*Work required*
Quote every line of the data below as it stands, omitting pictures.

*Data section*
● ● ● ●
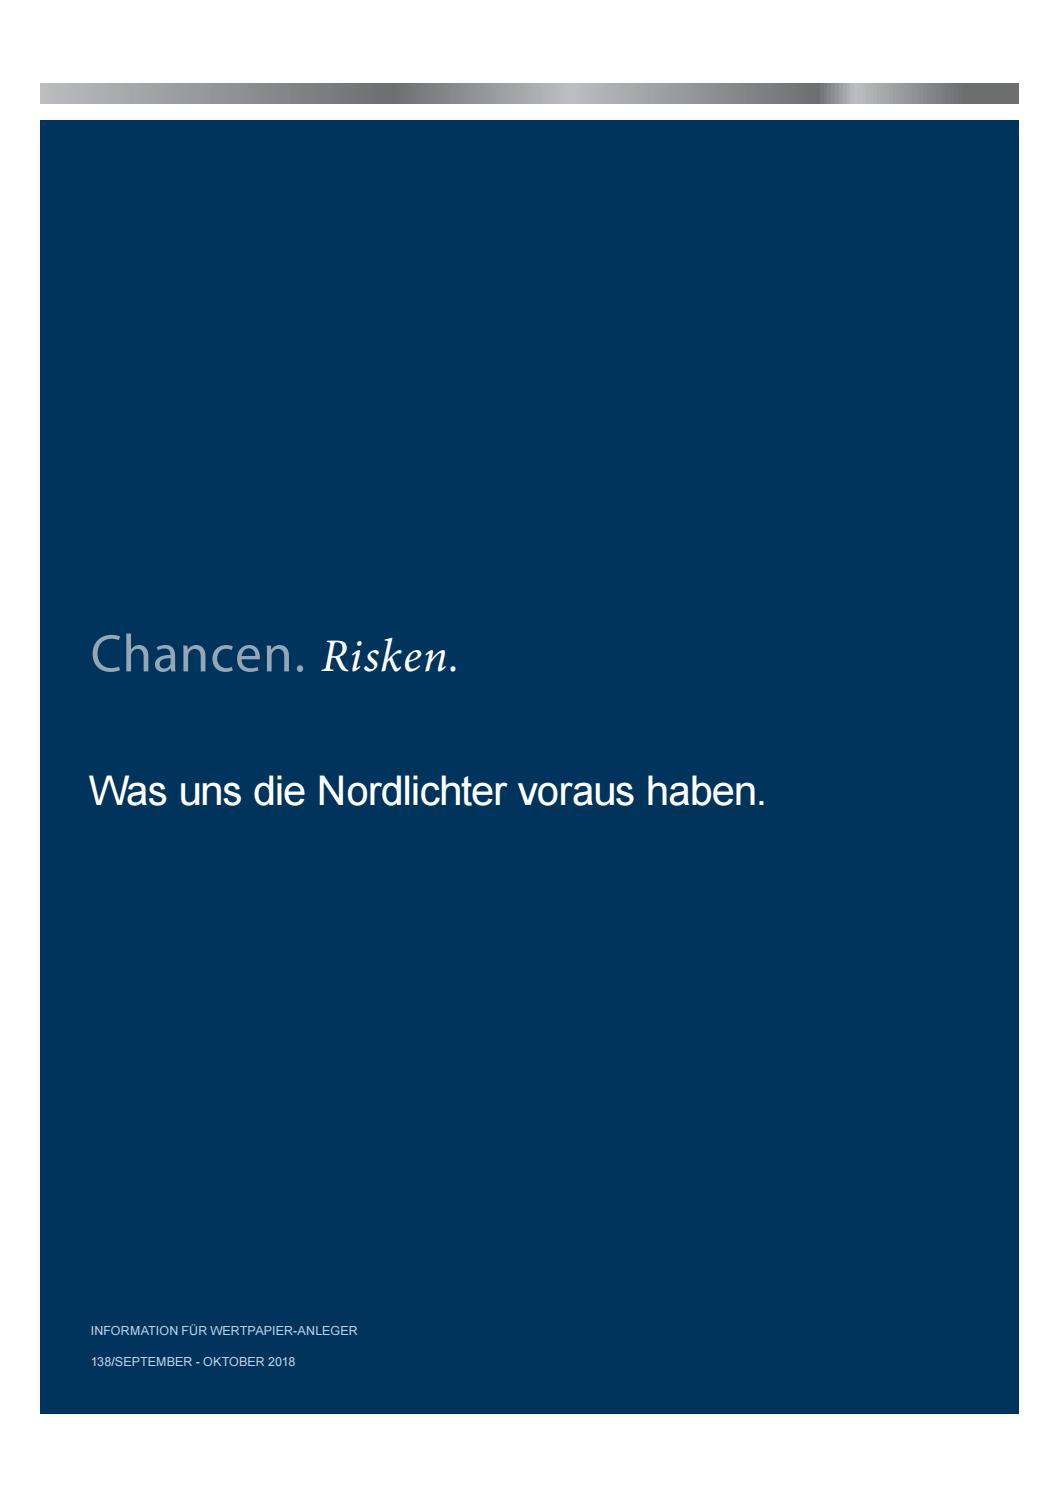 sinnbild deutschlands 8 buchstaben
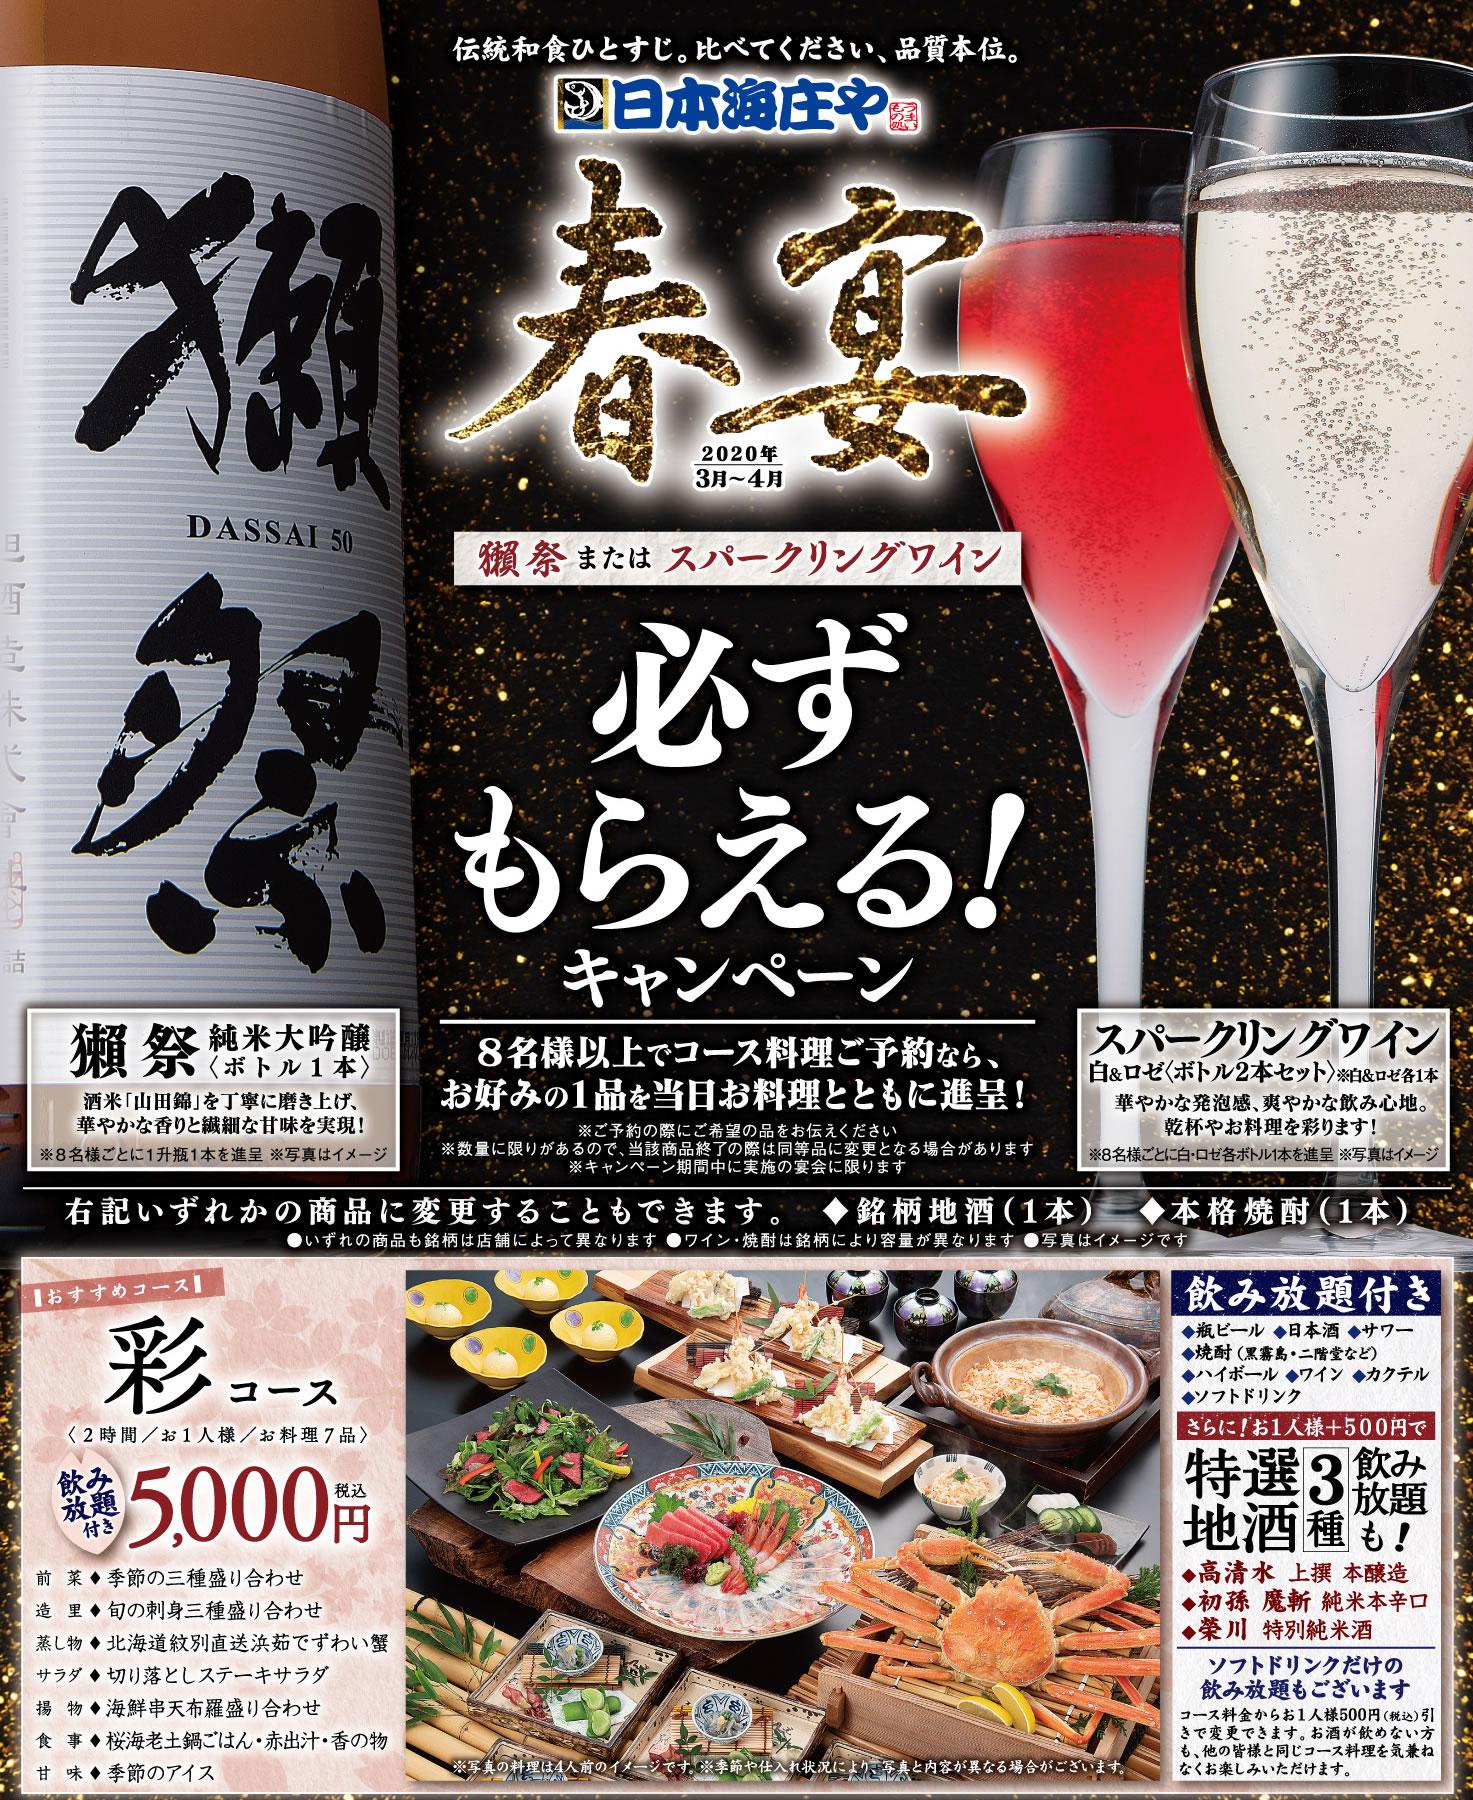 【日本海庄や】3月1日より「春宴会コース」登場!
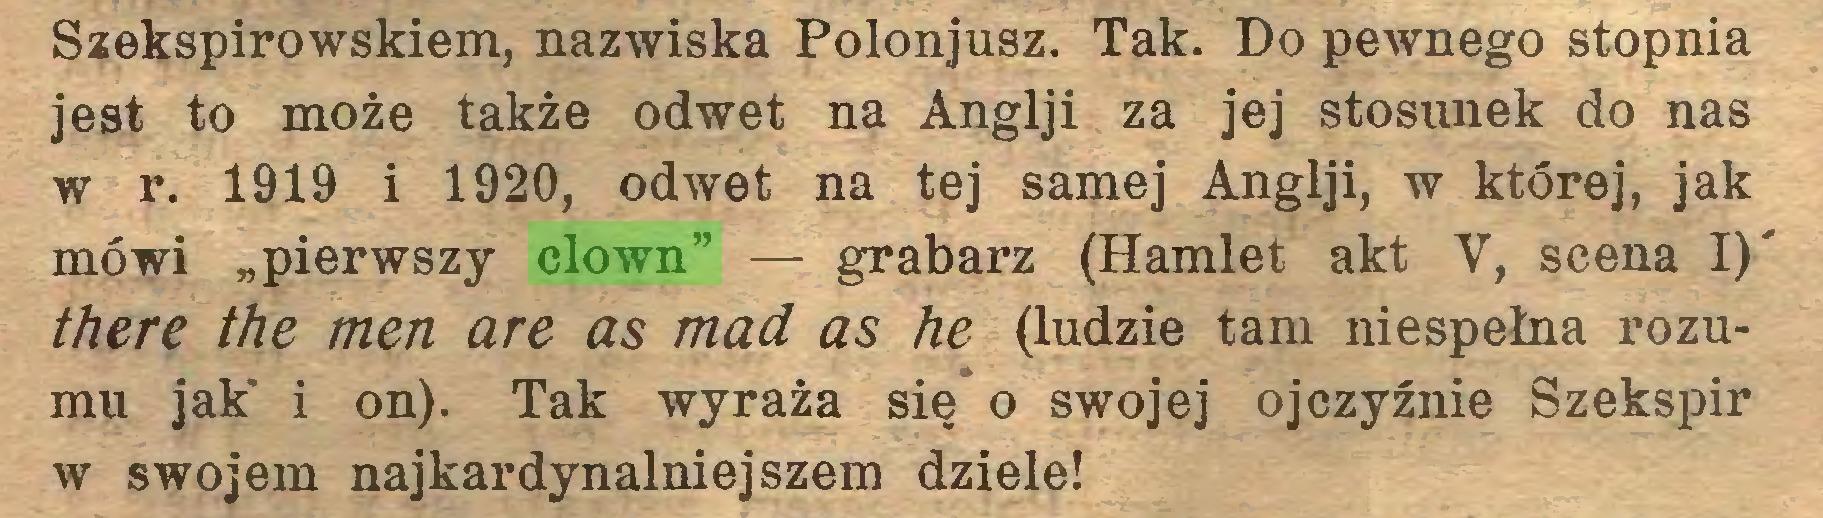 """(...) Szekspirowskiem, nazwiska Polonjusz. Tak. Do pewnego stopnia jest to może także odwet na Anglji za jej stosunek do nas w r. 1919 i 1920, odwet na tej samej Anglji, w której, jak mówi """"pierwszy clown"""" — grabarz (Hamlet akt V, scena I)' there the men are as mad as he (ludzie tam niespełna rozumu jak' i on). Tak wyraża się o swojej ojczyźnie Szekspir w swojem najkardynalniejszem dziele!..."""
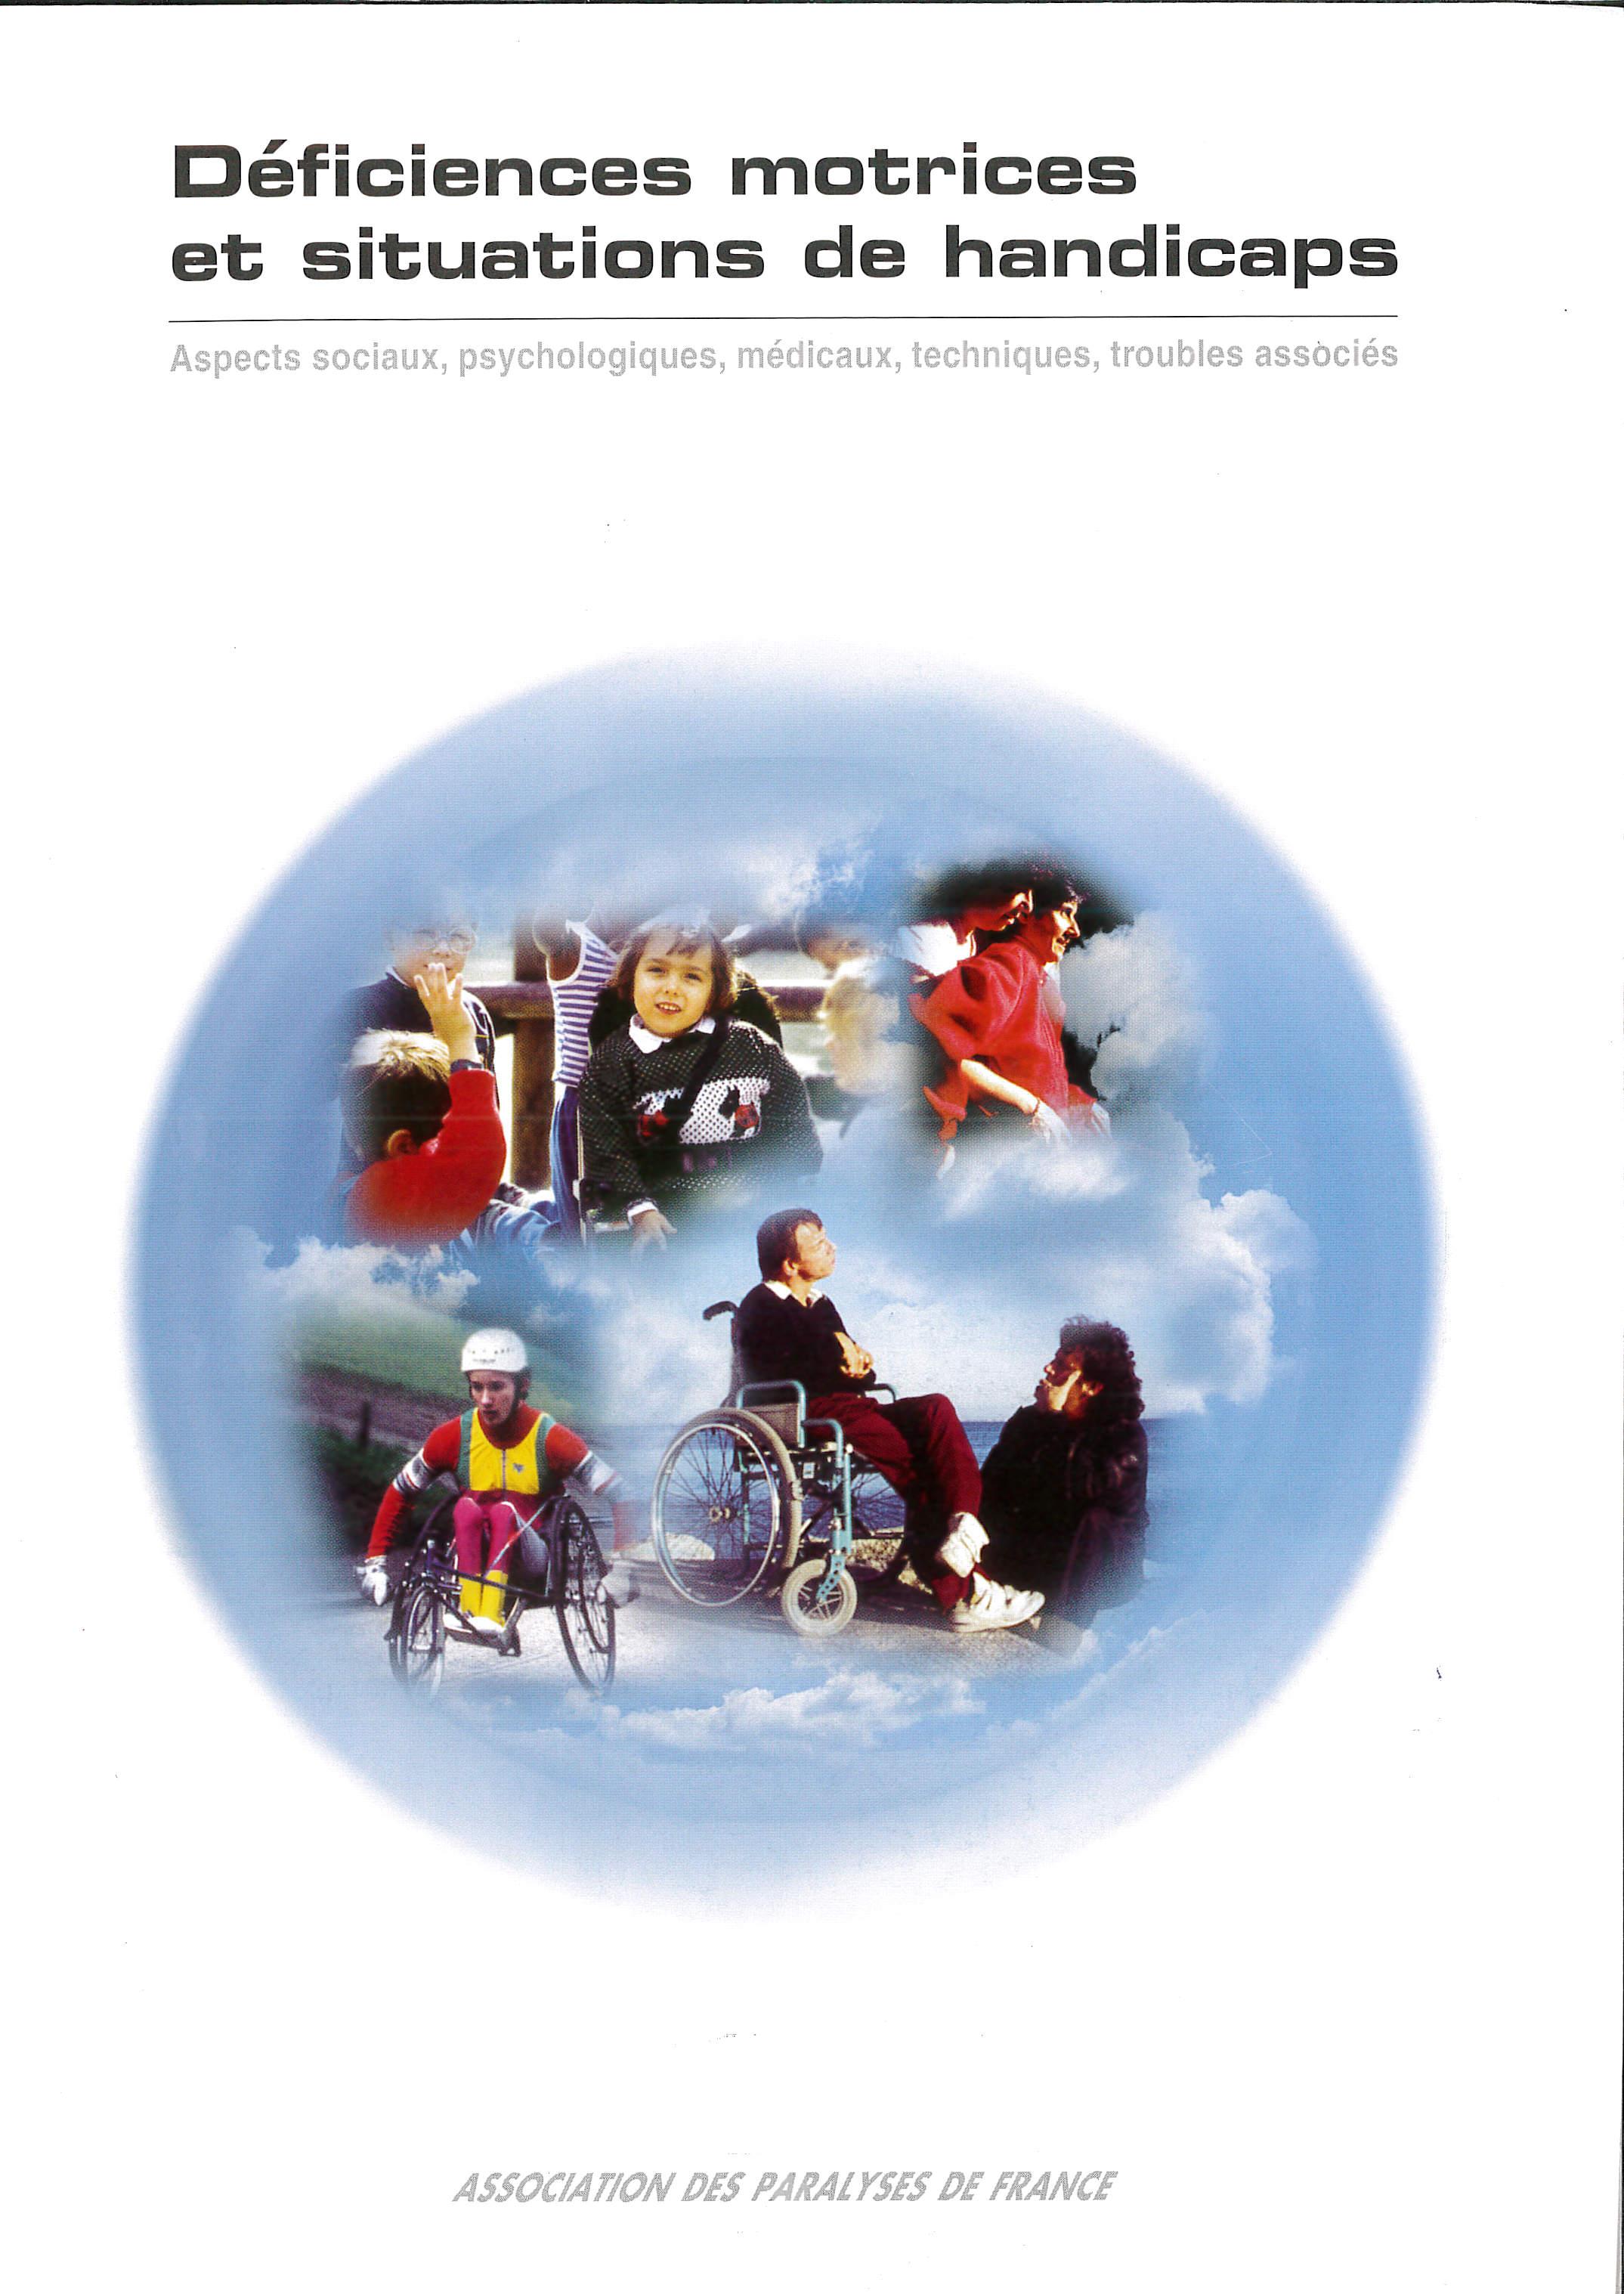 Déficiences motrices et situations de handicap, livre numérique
● ● ● ●
*Solution for this exercise*
 sinnbild deutschlands 8 buchstaben
 【日本海庄や】3月1日より「春宴会コース」登場!
 """(...) Szekspirowskiem, nazwiska Polonjusz. Tak. Do pewnego stopnia jest to może także odwet na Anglji za jej stosunek do nas w r. 1919 i 1920, odwet na tej samej Anglji, w której, jak mówi """"pierwszy clown"""" — grabarz (Hamlet akt V, scena I)' there the men are as mad as he (ludzie tam niespełna rozumu jak' i on). Tak wyraża się o swojej ojczyźnie Szekspir w swojem najkardynalniejszem dziele!..."""
 Déficiences motrices et situations de handicap, livre numérique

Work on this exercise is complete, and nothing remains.